Segundo profissional brasileiro com maior faturamento na história, já acima dos US$ 5,2 milhões, Melo prova que jogar dupla é também um ótimo e respeitoso caminho a se seguir.

Muguruza confirma
Ninguém ganha um título do tamanho de Wimbledon por acaso, mas é necessário dizer que Garbiñe Muguruza mereceu muito esta conquista. Desde a primeira partida, mostrou um estilo agressivo, aprimorou os voleios, jogou com coragem. Quando derrotou a número 1 Angelique Kerber indo 52 vezes à rede, ficou claro que estava pronta.

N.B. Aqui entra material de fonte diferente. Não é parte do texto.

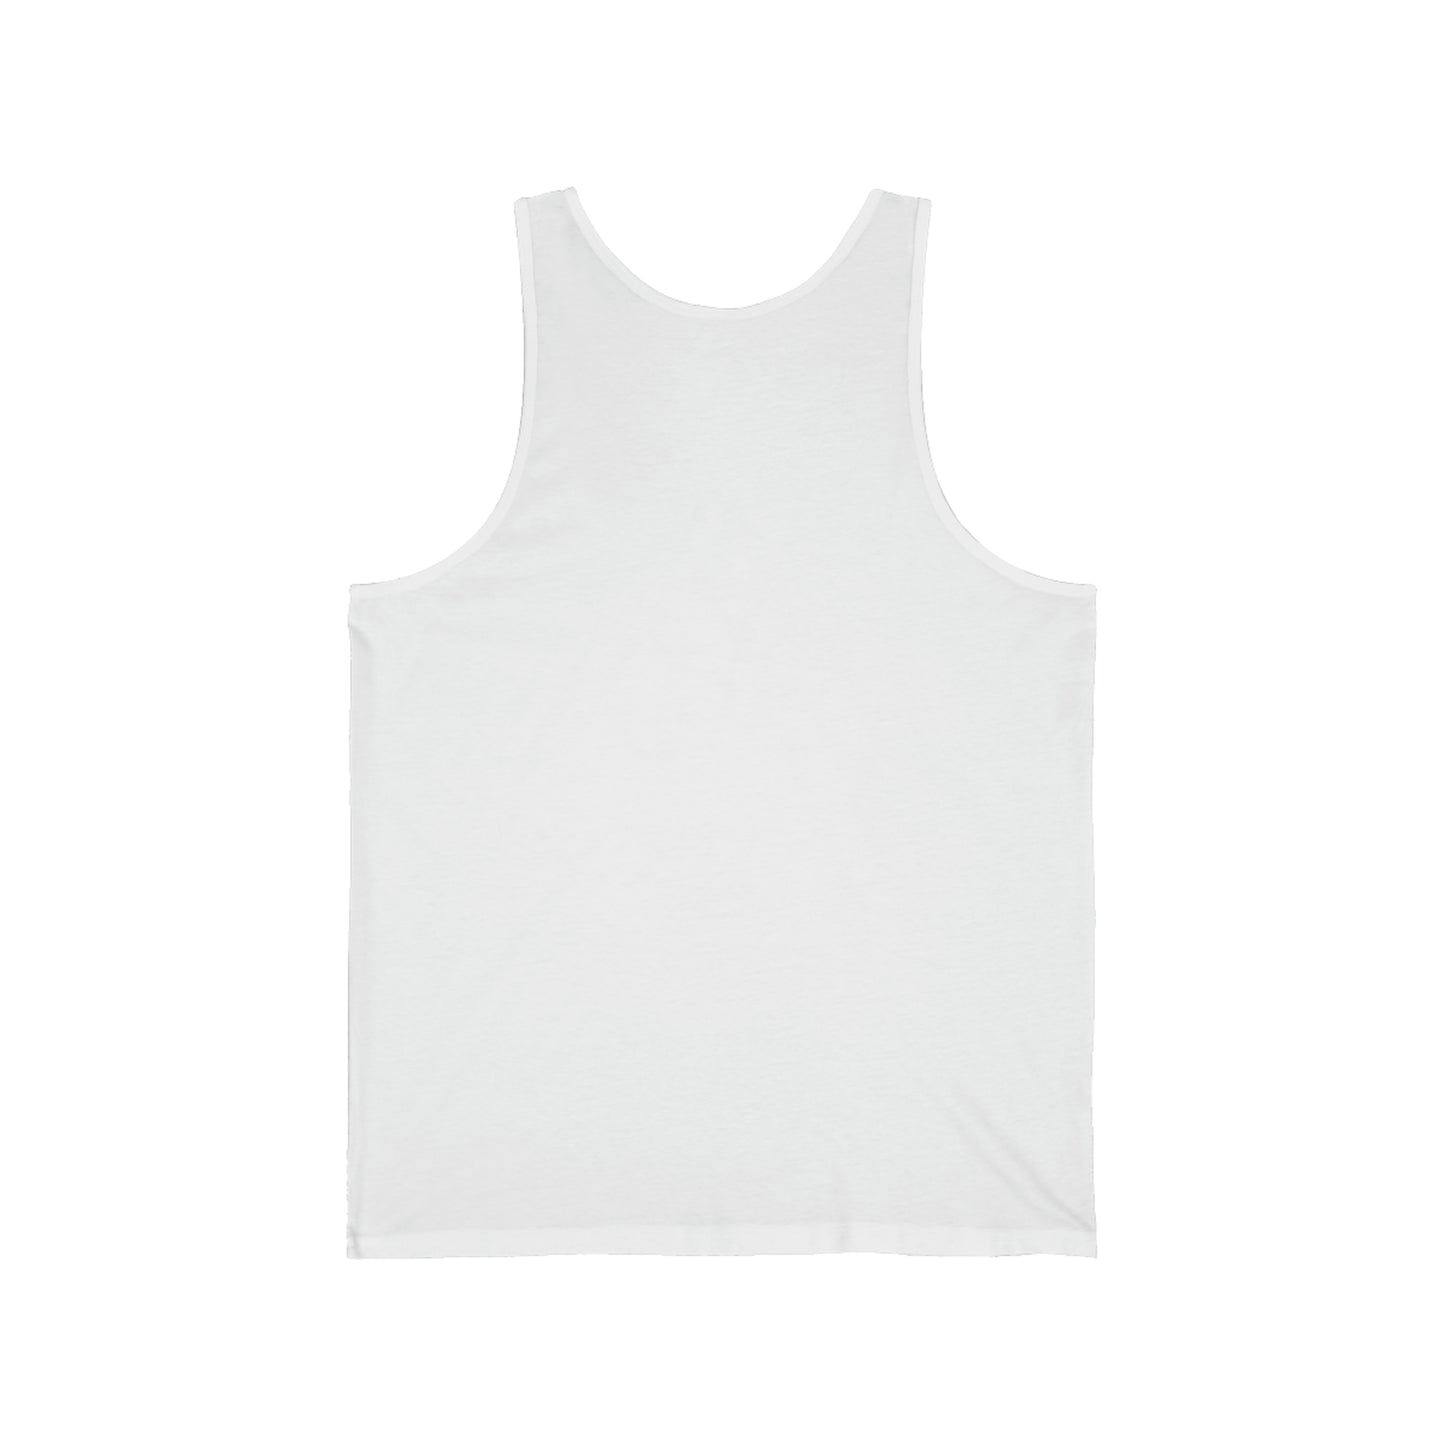 There's the Y Unisex Jersey Tank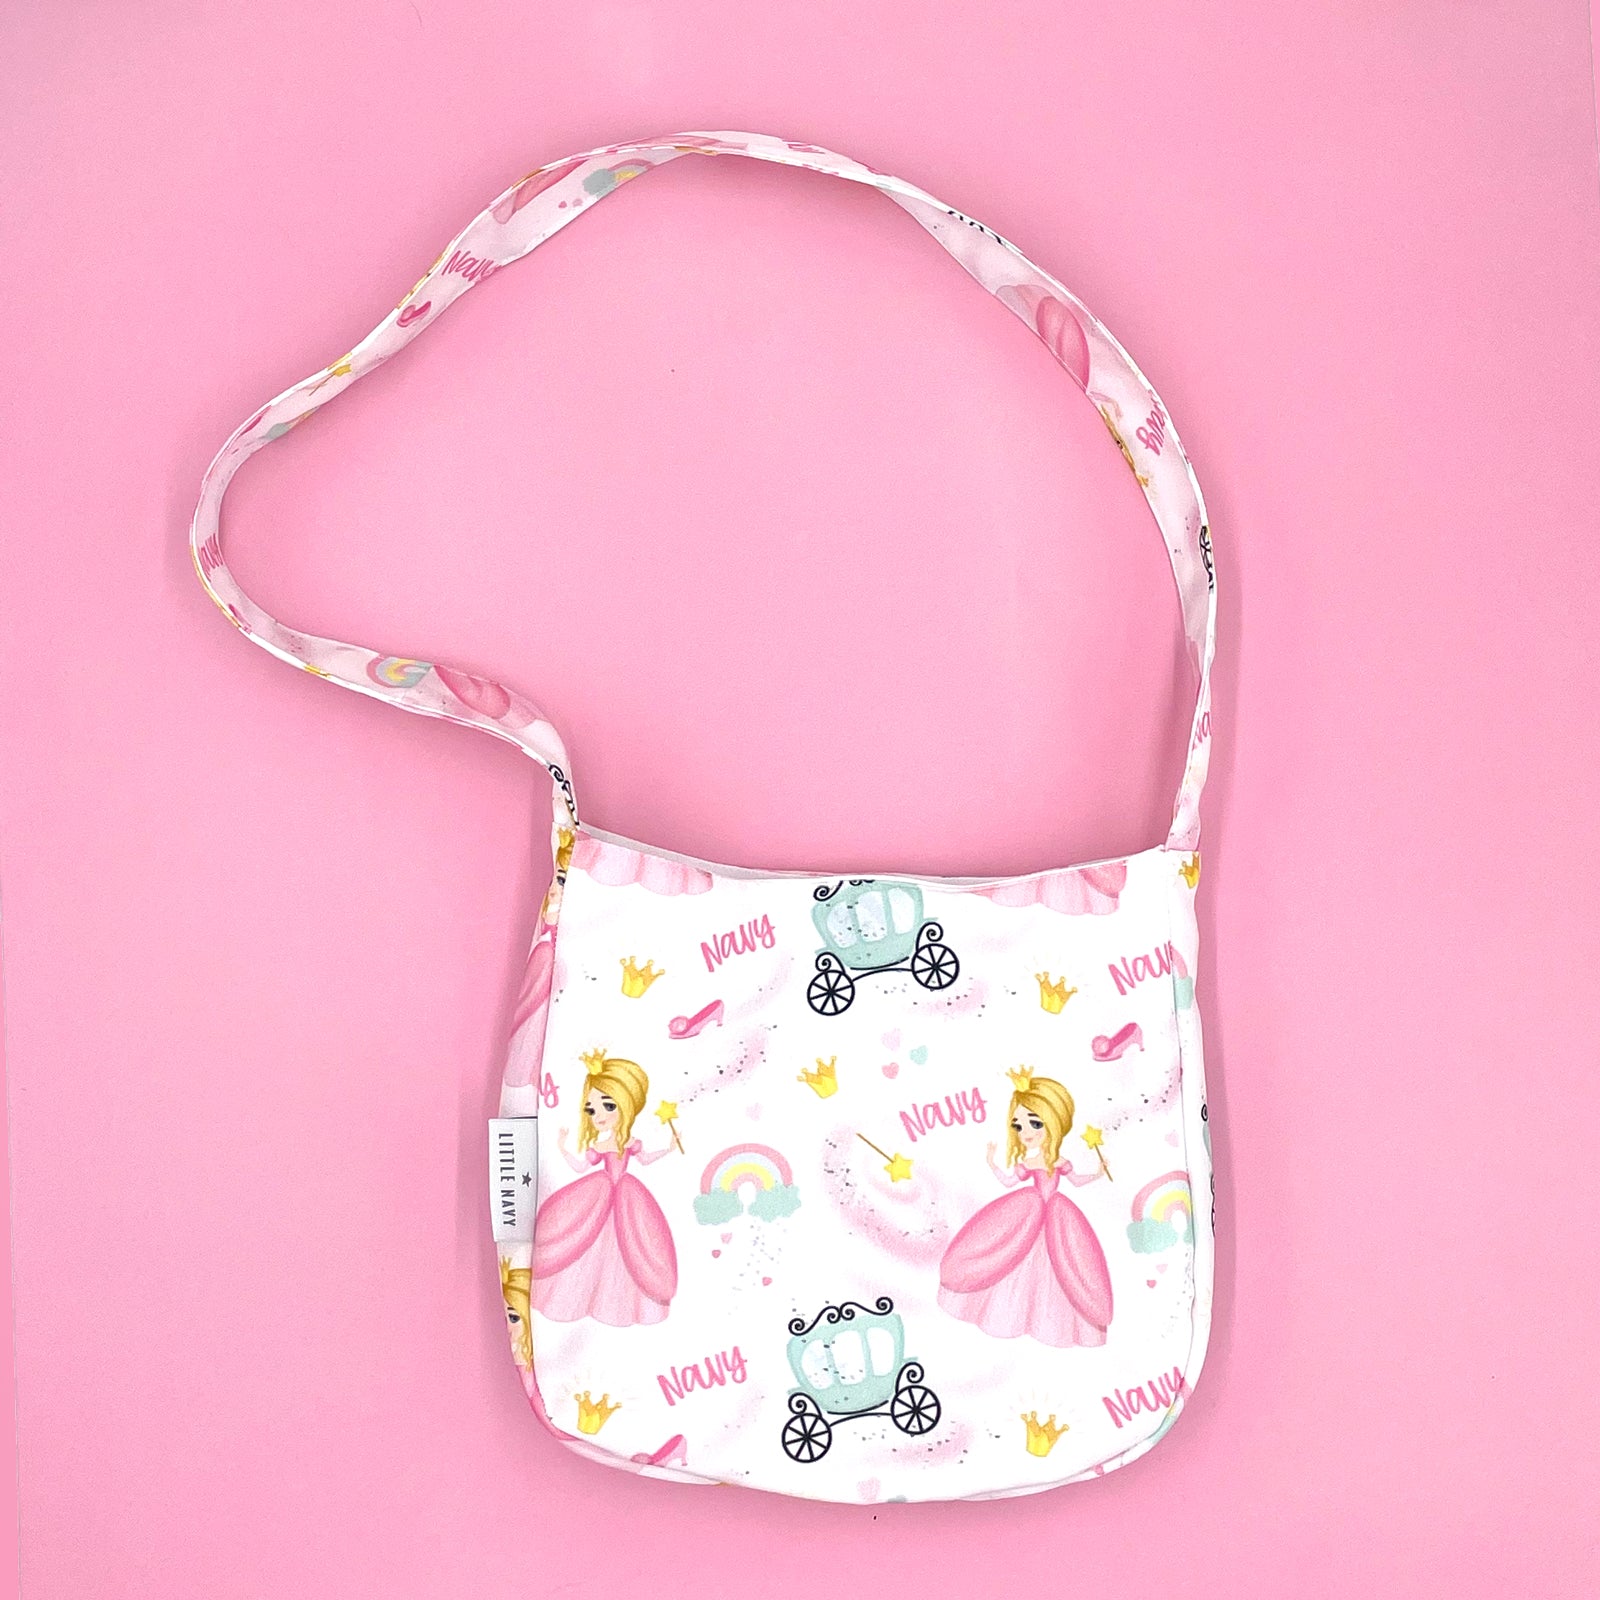 Personalized Kid's Purse

Muguruza representou aquela antiga qualidade, hoje um tanto perdida, de modificar técnica e tática ao mudar do saibro para a grama. Lição certamente aprendida dois anos atrás, então uma surpreendente finalista diante de Serena Williams. Tomara que novo aprendizado surja agora e evite o deslumbramento que viveu ao conquistar Roland Garros e perder totalmente o foco.

A final contra Venus só teve emoção no primeiro set. Depois que salvou dois set-points, Muguruza cresceu na confiança e Venus baixou intensidade, cometendo muitos erros. Curioso ver que uma espanhola volta a ganhar na grama justamente ao superar adversária de 37 anos, repetindo Conchita Martinez frente a Martina Navratilova. Coisas do tênis. Venus, sempre simpática, garantiu que vai tentar de novo.